Hi Arjan,
One of the top reasons in latencytop is
Unknown reason (blk_execute_rq+0x7a/0xd) 152.3 msec 49.0 msec
Its from hddtemp, hald-addon-storage, ...
I wrote a simple systemtap script [1] to find out where its called from,
and its definitely from the ioctl (see below).
1820322406
hddtemp(3999): <- latency of 153260223 ns
Returning from: 0xffffffff80311ab0 : blk_execute_rq+0x0/0xd0 []
Returning to : 0xffffffff80315580 : sg_io+0x200/0x3c0 []
0xffffffff80315a02 : scsi_cmd_ioctl+0x2c2/0x410 []
0xffffffff80417153 : ip_queue_xmit+0x2b3/0x420 []
0xffffffff880c3be9 : sd_ioctl+0x99/0xf0 [sd_mod]
0xffffffff80313839 : blkdev_driver_ioctl+0x39/0x40 []
0xffffffff80313ab8 : blkdev_ioctl+0x278/0x710 []
0xffffffff803e540d : release_sock+0x8d/0xa0 []
0xffffffff803e54b3 : lock_sock_nested+0x93/0xa0 []
0xffffffff8029a4ff : d_alloc+0x6f/0x1a0 []
0xffffffff802f102f : security_d_instantiate+0x1f/0x30 []
0xffffffff803e540d : release_sock+0x8d/0xa0 []
0xffffffff8043c8c8 : inet_accept+0x88/0xc0 []
0xffffffff803e408e : move_addr_to_user+0x5e/0x70 []
0xffffffff802f0bb1 : security_socket_post_accept+0x11/0x20 []
0xffffffff803e472e : sys_accept+0x13e/0x1d0 []
0xffffffff802af12b : block_ioctl+0x1b/0x20 []
0xffffffff8029482b : do_ioctl+0x1b/0x70 []
0xffffffff80294a6d : vfs_ioctl+0x1ed/0x290 []
0xffffffff80296281 : sys_select+0x41/0x1b0 []
0xffffffff80294b92 : sys_ioctl+0x82/0xa0 []
0xffffffff8020c18e : system_call+0x7e/0x83 []
I suggest adding an annotation to make this reason known to latencytop
by annotating sd_ioctl/scsi_cmd_ioctl, see my patch below.
After my patch, instead of blk_execute_rq the real reason is showed:
Cause Maximum Average
SCSI device ioctl 34.2 msec 14.4 msec
I noticed there's a similar annotation in sr.c for cdrom_ioctl, but sr.c
also has annotations for scsi_nonblockable_ioctl, and scsi_ioctl.

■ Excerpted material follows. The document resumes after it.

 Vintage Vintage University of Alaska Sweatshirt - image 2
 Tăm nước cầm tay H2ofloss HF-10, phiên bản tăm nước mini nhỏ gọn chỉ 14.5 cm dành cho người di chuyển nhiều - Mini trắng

If they are needed for sd_block_ioctl too, maybe
scsi_nonblockable_ioctl/scsi_ioctl should have the annotation themselves.
I also noticed some unsigned overflows, my top latency was sometimes a
very large number (18................................), which
was probably -1, or some other negative number. I haven't found a way
to reproduce it yet (it happens very rarely).
P.S.: LatencyTop could have a feature to ask for more details on unknown
latency reasons, and it would generate a systemtap script itself, that
would show the backtraces to help figure out whats going on.